Finding a solution here is terribly complicated as so much depends on your entire setup and requirements. The first solution that jumps to mind is to add another iptables rule to "fix" the source port. Combined with your first idea you could put:

iptables -t nat -I OUTPUT      --dest 192.168.1.0/24 \
        -p udp --dport 138 -j DNAT --to-dest <real-address>

iptables -t nat -A POSTROUTING --dest <real-address> \
        -p udp --dport 138 -j SNAT --to-source <this-boxes-address>:138

This should solve the immediate problem. But I consider it ugly as it ties IP-addresses to a service much tighter than those should be and if <real-address> is dynamically assigned your configuration will break every now and then.
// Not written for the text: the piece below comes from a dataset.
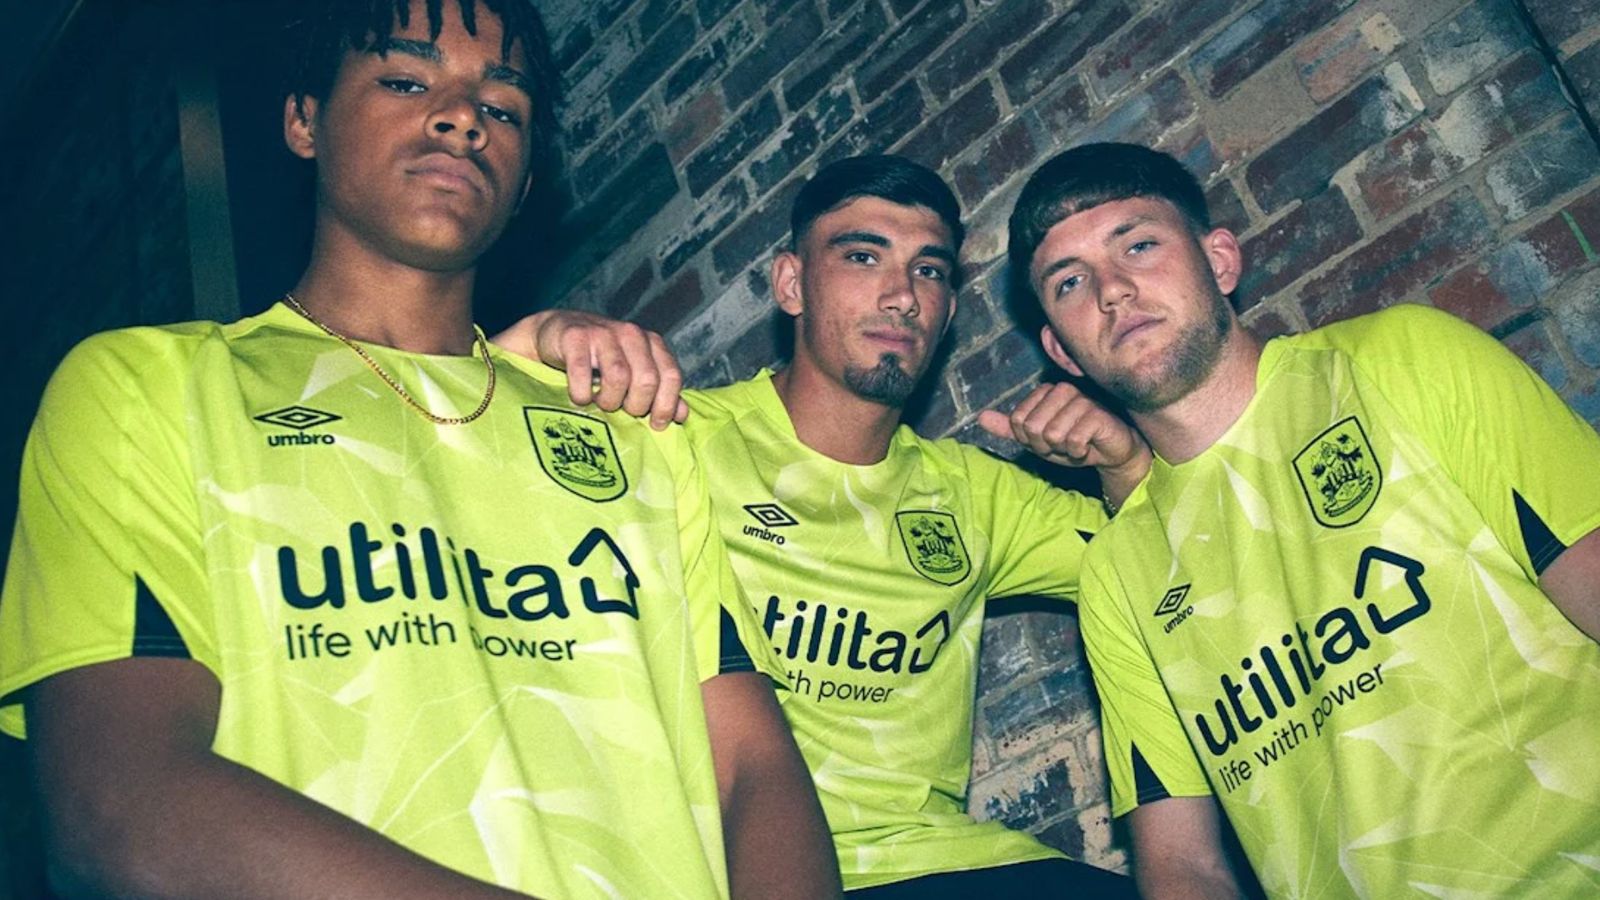 Huddersfield Town Umbro Away Kit product image of three people wearing highlighter yellow Umbro kits featuring black branding and sponsorship.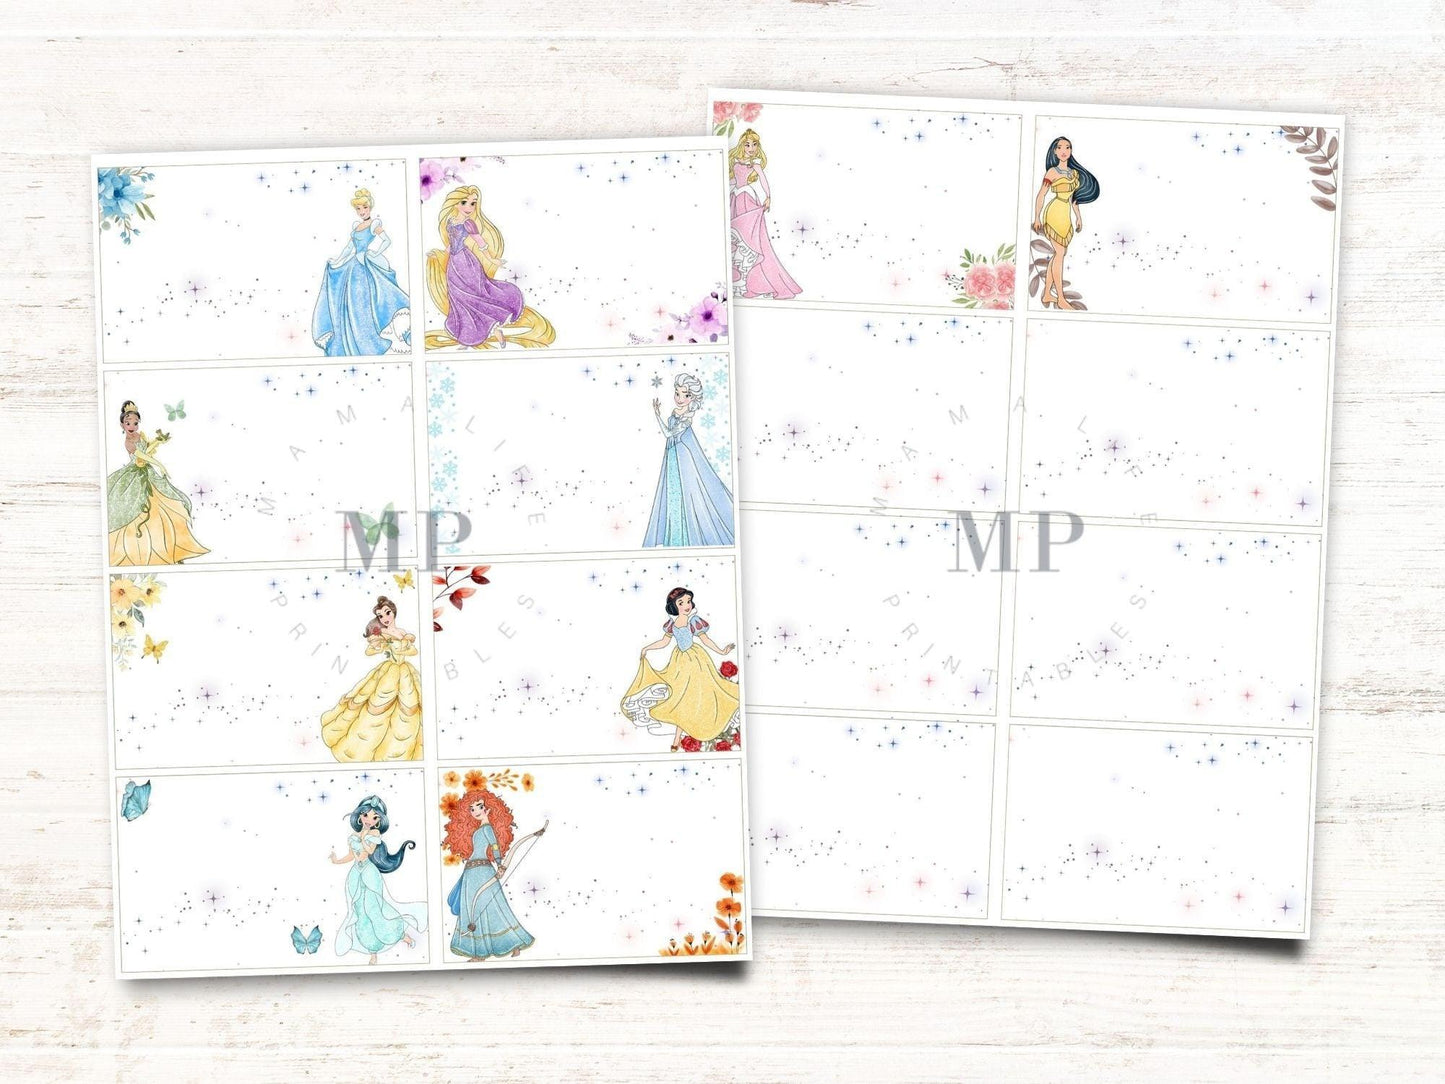 Princess Lunch Box Note Cards - Note Cards - Mama Life Printables

A VPN is probably the quickest stable solution you can have.

Nasty thoughts

You could have an iptables INPUT rule that reacts to incoming NetBIOS requests to your SMB over the internet by triggering three to four things:

  1. starting two netcat processes back to back (means: nc -l ... | nc ...), one listening on an arbitrary port, the other one providing a UDP stream to :138 with source port 138
  2. adding a REDIRECT rule that catches samba's outgoing packets to the IP-address mentioned in the triggering NetBIOS message and redirects them to the listening port of the just created listening nc process (stay with me here!)
  3. a SNAT rule as above for each client facing nc process
  4. sacrifice a chicken

The three problems you then have to solve are

  1. have only one such construct for each client (straight forward check if there already is a nc process for the remote end you want to create)
  2. extracting the IP-address from the incoming NetBIOS message (hacky but still straight forward)
  3. clean up not required nc processes and the firewall (heuristical approach only, I think.)

If you pick a timeout for the UDP-stream-cleanup that is longer than the NetBIOS messages interval, you should be fine. I'd suggest about 3*NetBIOS interval to allow for some NetBIOS messages to get lost.